Adina zog mich an meinem Handgelenk hinein, als wir endlich am Eingang angekommen waren, und als mir der Geruch von Alkohol und Schweiß entgegen schlug, war ich nur froh, dem Gespräch mit meiner Mutter für ein paar Stunden entgehen zu können.

,,Hey, Adina!", winkte uns eine Blondine zu sich und ein paar Leuten herüber. Durch ihr Studium hatte Adina einige neue Menschen kennengelernt, die wenigsten wussten von ihrem Glauben.
Wir kamen am Tisch an und wurden sofort von der Gruppe begrüßt. Nüchtern war niemand mehr so wirklich, wenn ich das richtig wahrnahm. ,,Was geht, Malou?", sprach mich Nilan an, der gerade dabei war, sich eine Zigarette zu drehen, weshalb ich ihm zulächelte. Er war breit gebaut und wirkte auf den ersten Blick bestimmt bedrohlich, doch wenn man ihn näher kannte, wusste man, dass er niemals auch nur einer Fliege etwas zu Leide tun könnte. Nilan war Pazifist und Veganer, studierte wie Adina Soziale Arbeit, allerdings mit dem Schwerpunkt Menschenrechte, und war drauf und dran die Welt zu einem besseren Ort zu machen.

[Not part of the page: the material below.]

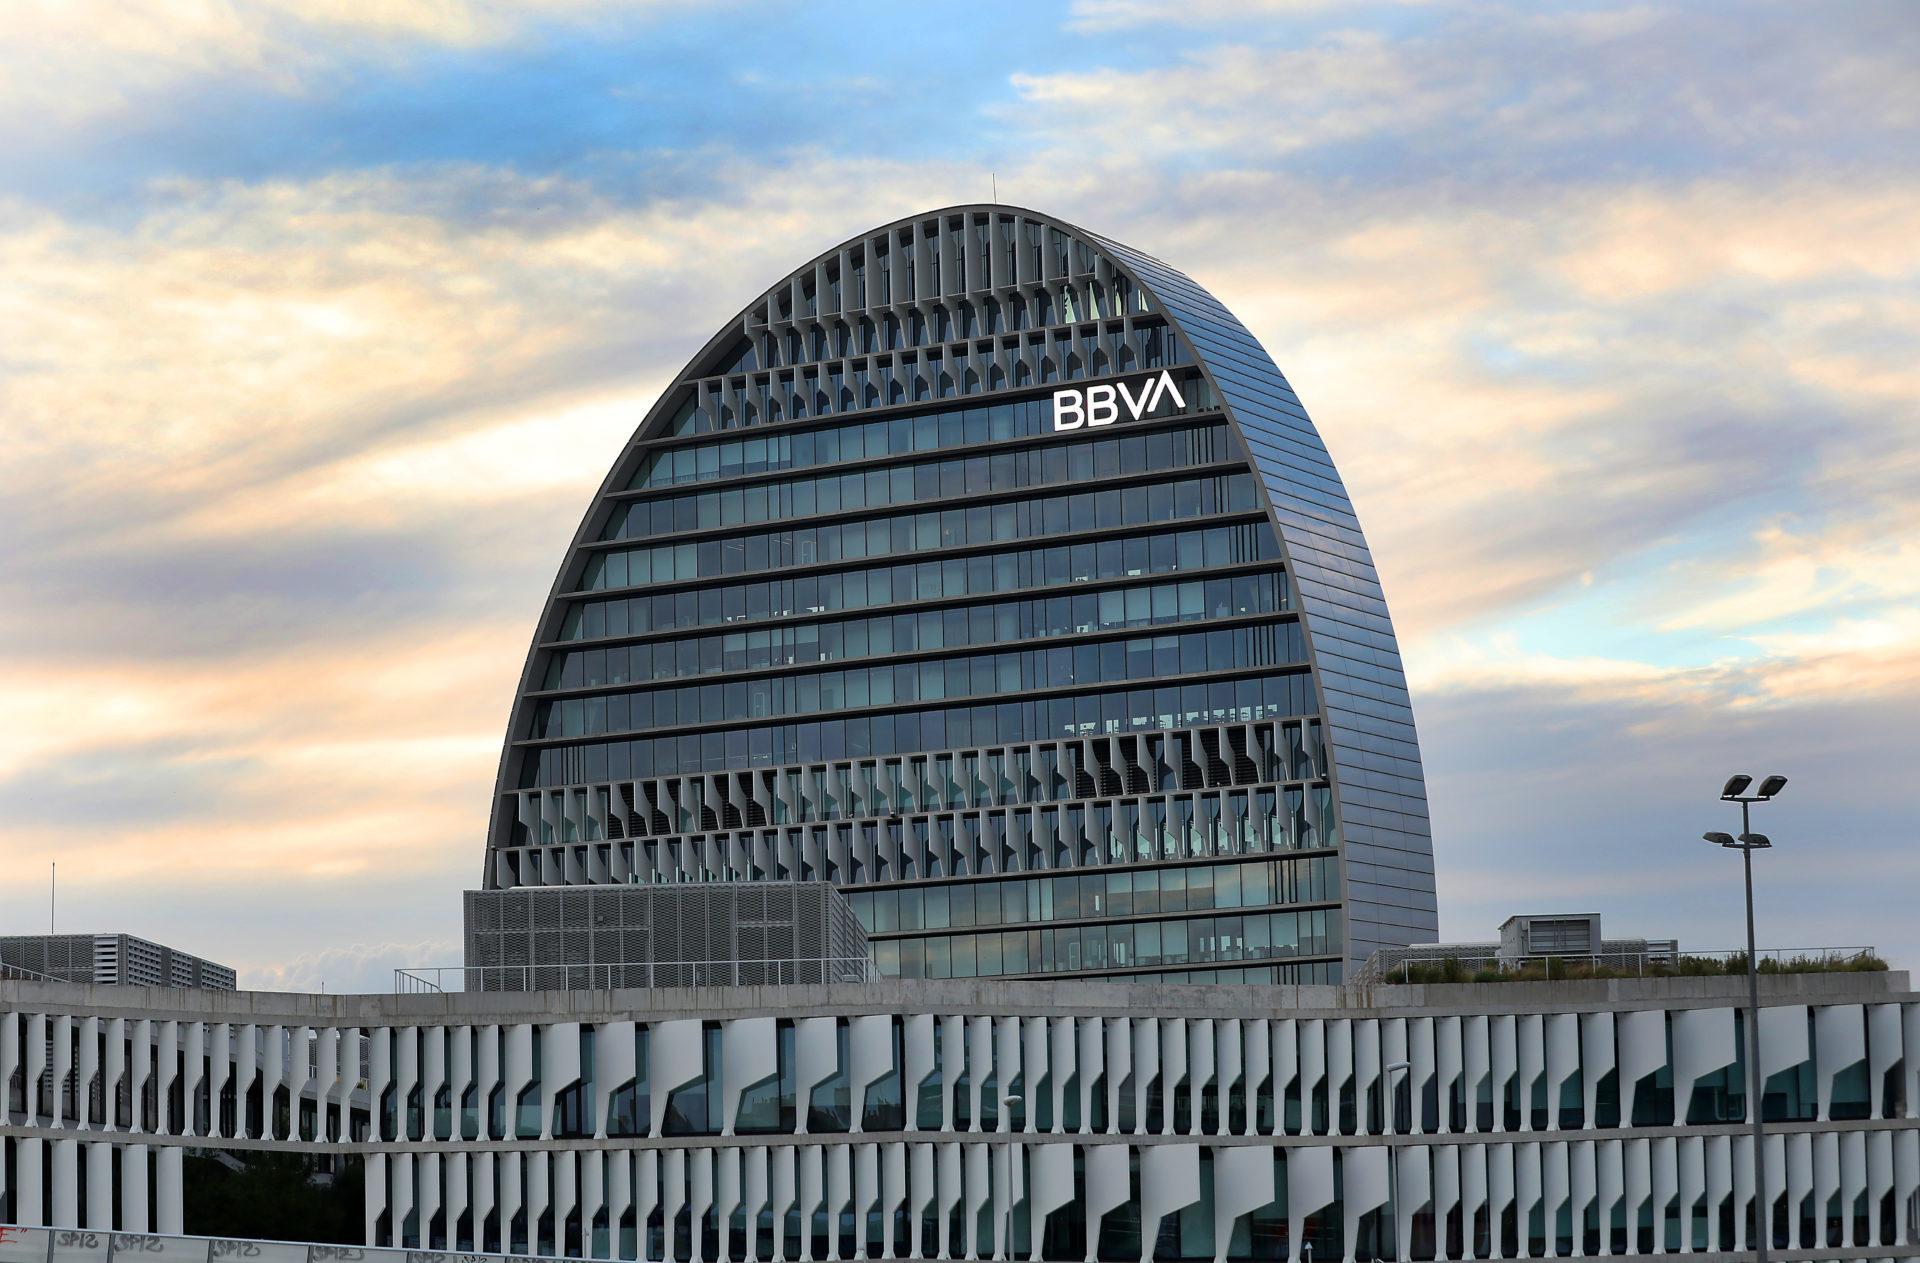 https://shareholdersandinvestors.bbva.com/wp-content/uploads/2018/07/Vela-Ciudad-BBVA-1920x1263-1920x1263.jpg

Ich mochte ihn, er strahlte immer eine gewisse Ruhe aus, obwohl er auch mal aus der Haut fahren konnte, wenn jemand etwas Diskriminierendes von sich gab - das hatte ich schon das ein oder andere Mal im Sommer mitbekommen, als wir mit ihm und den anderen etwas trinken waren. Deswegen hatten wir so gut wie niemandem von ihnen von unserem Glauben und unserer Gemeinde erzählt. Ich war mir zwar sicher, Nilan würde es verstehen und versuchen, mit uns eine Lösung zu finden, doch Adina behielt es lieber für sich. Sie trennte beide Gruppen, beide Teile ihres Lebens strikt.
Ich glaubte ein paar von ihnen wussten sogar, dass Adina lesbisch war. Ganz sicher war ich mir nicht und ich traute mich auch nicht zu fragen. Adina war niemand, der unglaublich gerne über die eigenen Gefühle sprach. Manchmal tat sie es von sich aus, was mich freute, doch ich wollte sie zu nichts drängen.